Numerical investigation from rarefied flow to continuum by solving the Boltzmann model equation

Based on the Bhatnagar–Gross–Krook (BGK) Boltzmann model equation, the unified simplified velocity distribution function equation adapted to various flow regimes can be presented. The reduced velocity distribution functions and the discrete velocity ordinate method are developed and applied to remove the velocity space dependency of the distribution function, and then the distribution function equations will be cast into hyperbolic conservation laws form with non‐linear source terms. Based on the unsteady time‐splitting technique and the non‐oscillatory, containing no free parameters, and dissipative (NND) finite‐difference method, the gas kinetic finite‐difference second‐order scheme is constructed for the computation of the discrete velocity distribution functions.
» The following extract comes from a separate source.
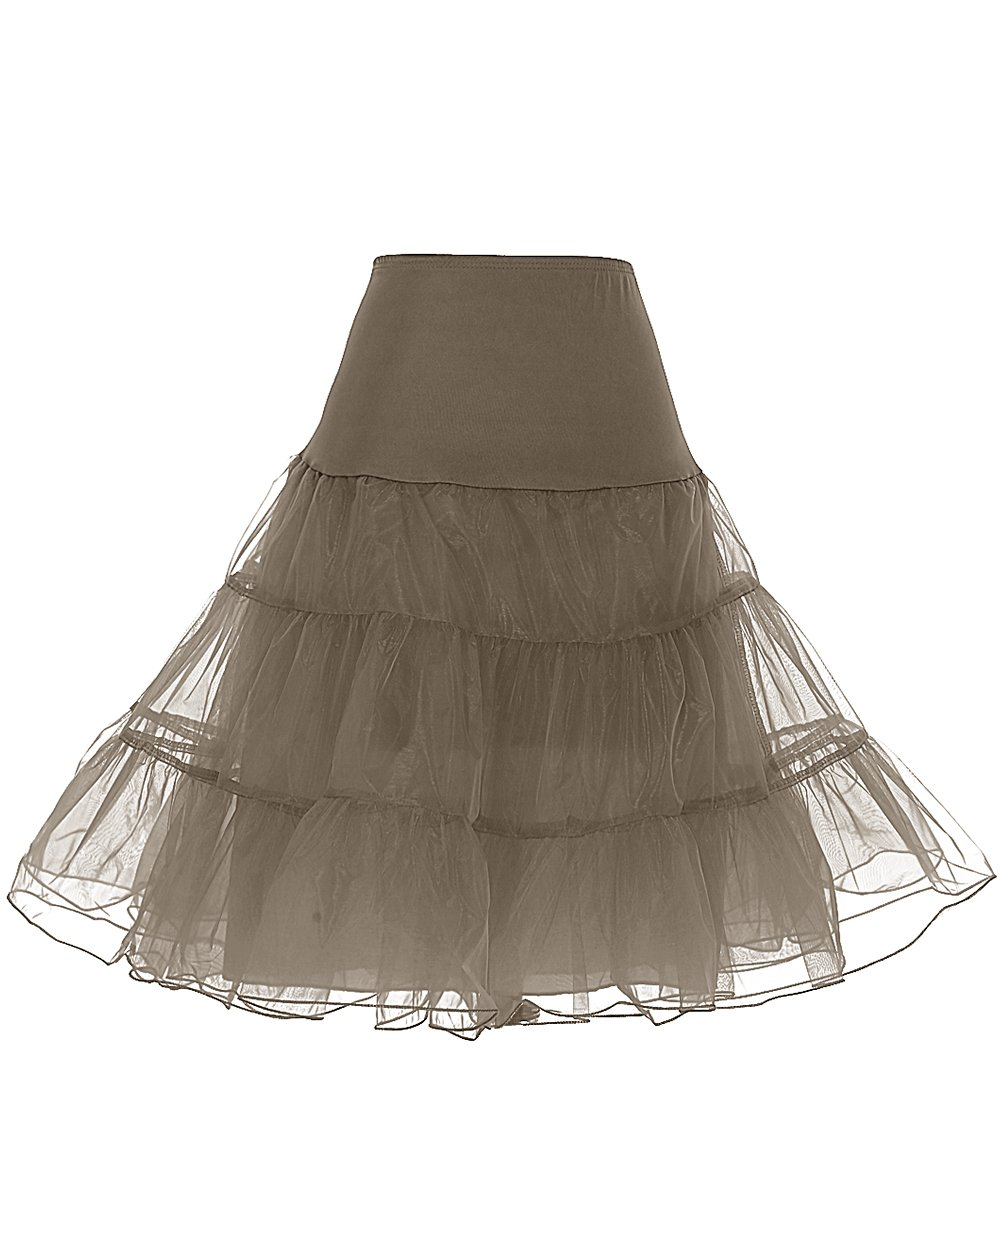 Dresstells reg; Women's Vintage Rockabilly Petticoat Skirt Tutu 1950s Underskirt DT9120632CP

The discrete velocity numerical quadrature methods are developed to evaluate the macroscopic flow parameters at each point in the physical space. As a result, a unified simplified gas kinetic algorithm for the gas dynamical problems from various flow regimes is developed. To test the reliability of the present numerical method, the one‐dimensional shock‐tube problems and the flows past two‐dimensional circular cylinder with various Knudsen numbers are simulated. The computations of the related flows indicate that both high resolution of the flow fields and good qualitative agreement with the theoretical, DSMC and experimental results can be obtained. Copyright © 2003 John Wiley & Sons, Ltd.     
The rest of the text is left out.